## Task goal
What are the lines below, starting at the line containing "LOGO GABRIEL CAICEDO EN BLANCO" and ending at the line containing "Comprar Apartamento /"? Write them out exactly, ends included, without pictures.

## Provided records
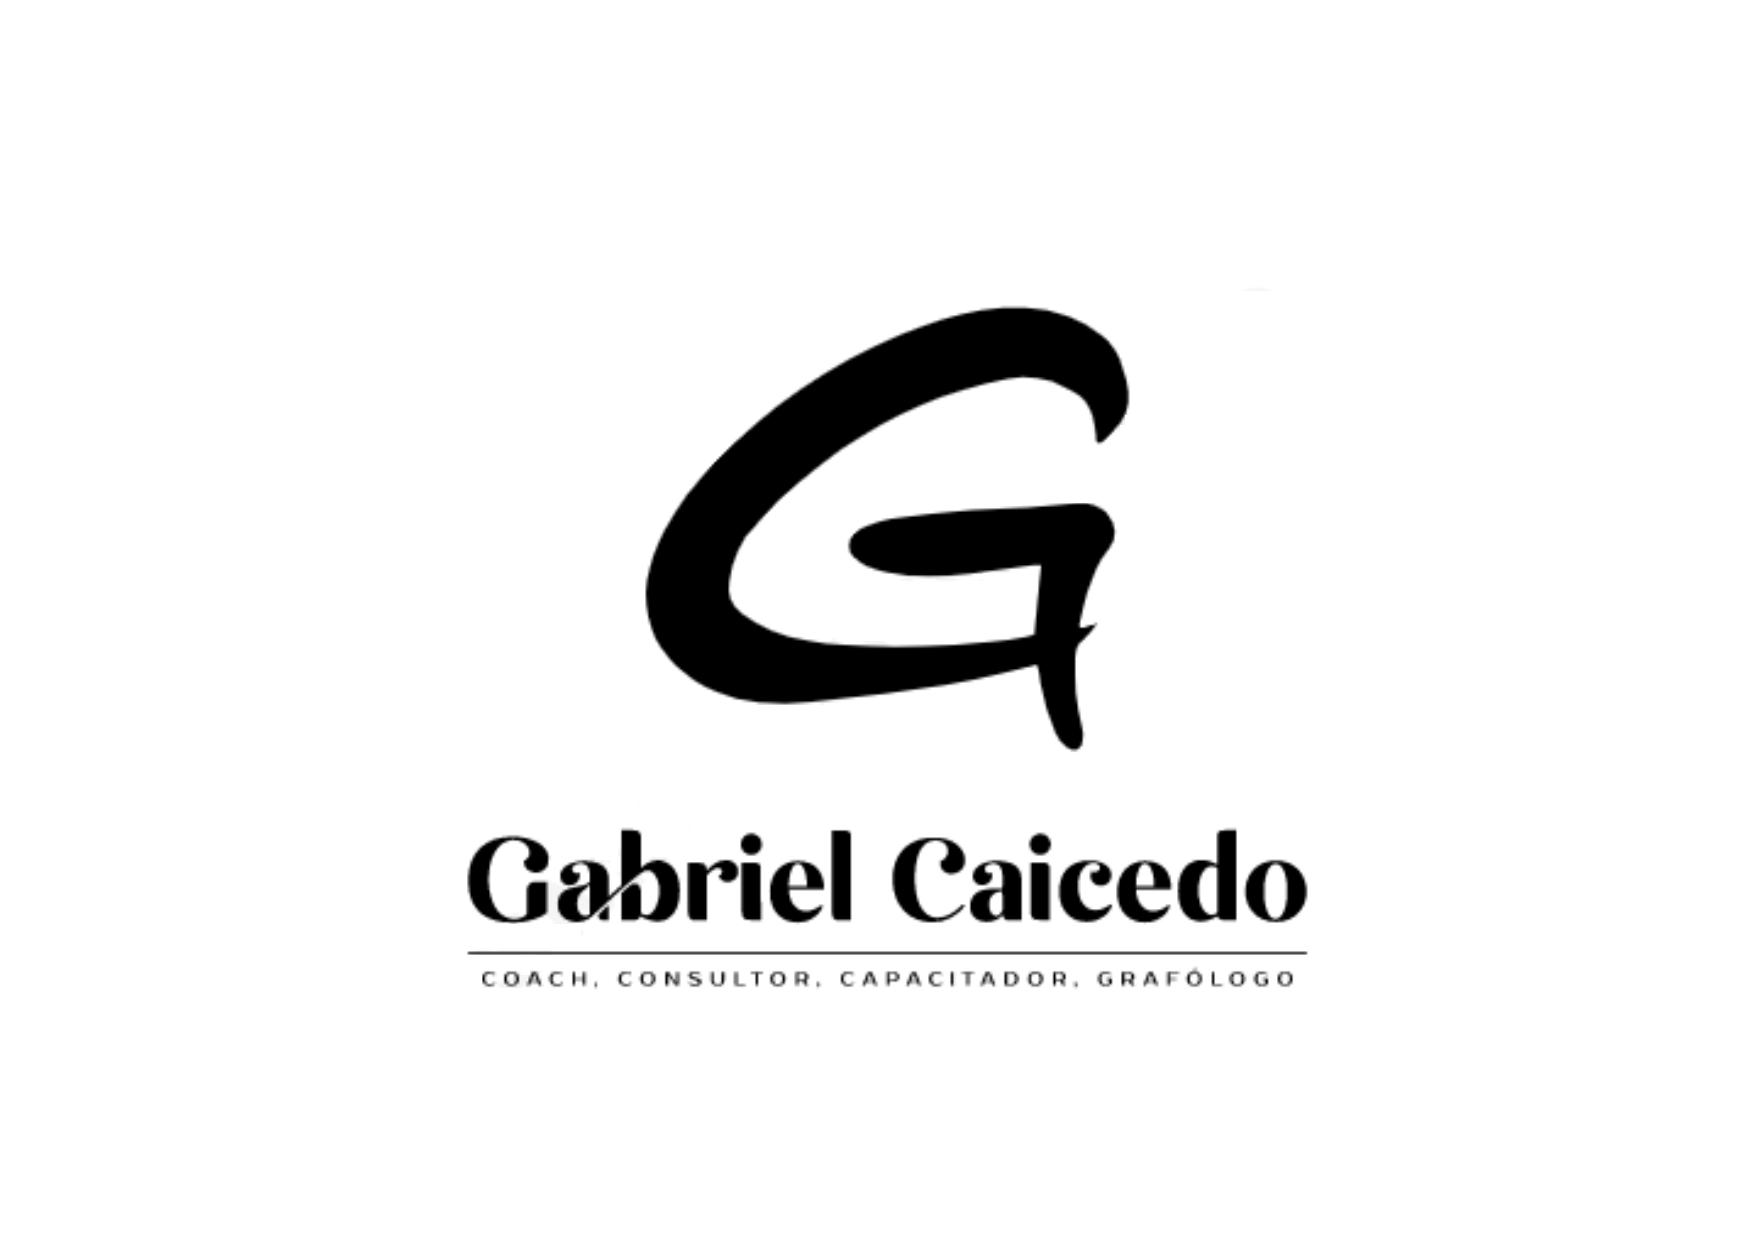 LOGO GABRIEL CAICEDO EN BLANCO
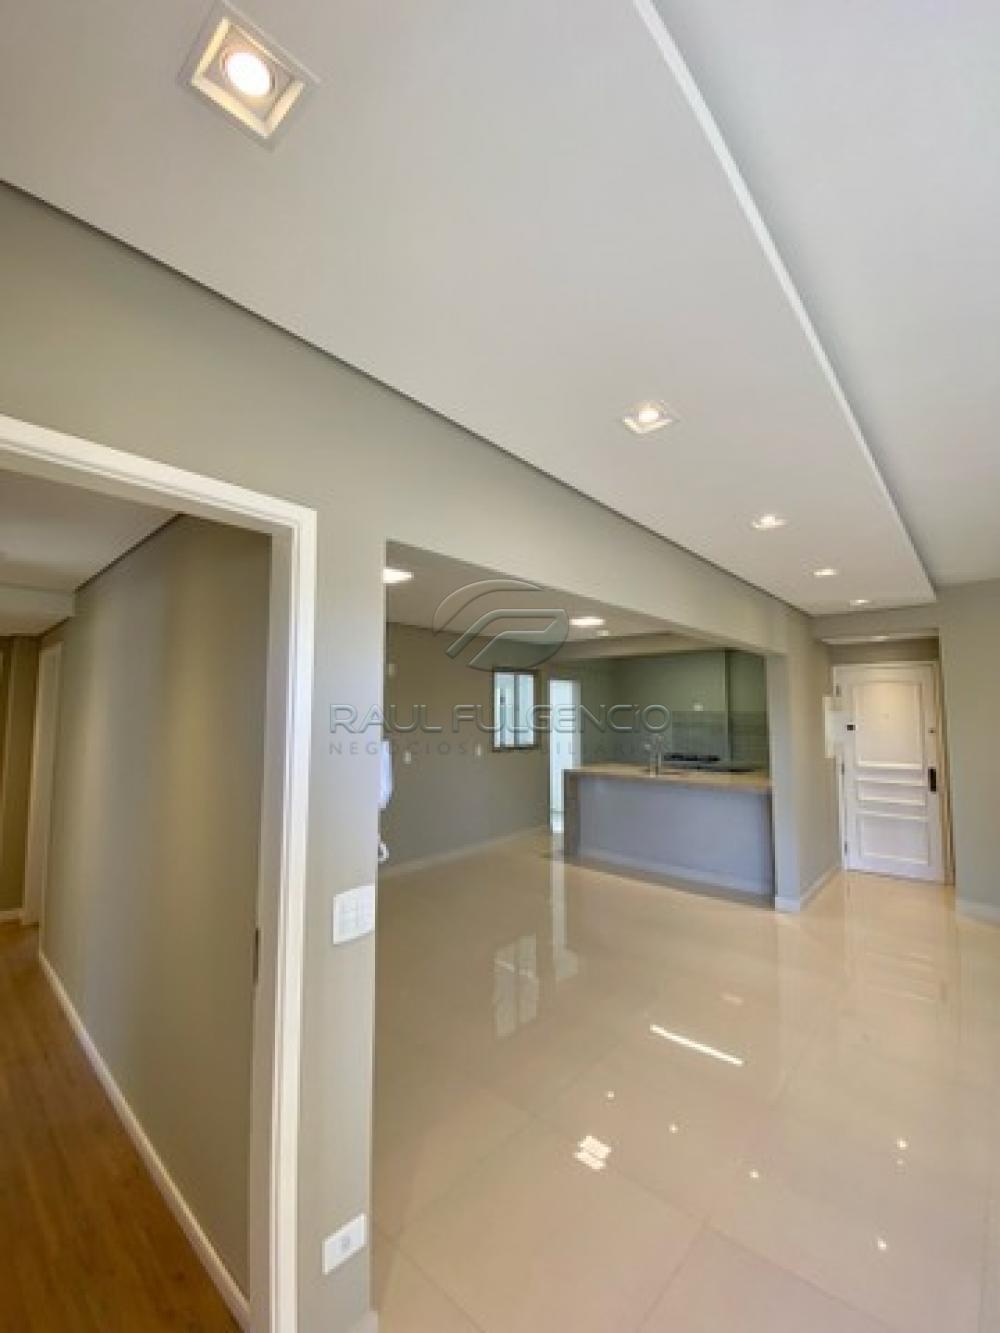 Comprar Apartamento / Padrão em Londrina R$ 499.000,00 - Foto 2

--

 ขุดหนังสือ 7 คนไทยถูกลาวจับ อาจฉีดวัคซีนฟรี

## Solution to this exercise
 LOGO GABRIEL CAICEDO EN BLANCO
 Comprar Apartamento / Padrão em Londrina R$ 499.000,00 - Foto 2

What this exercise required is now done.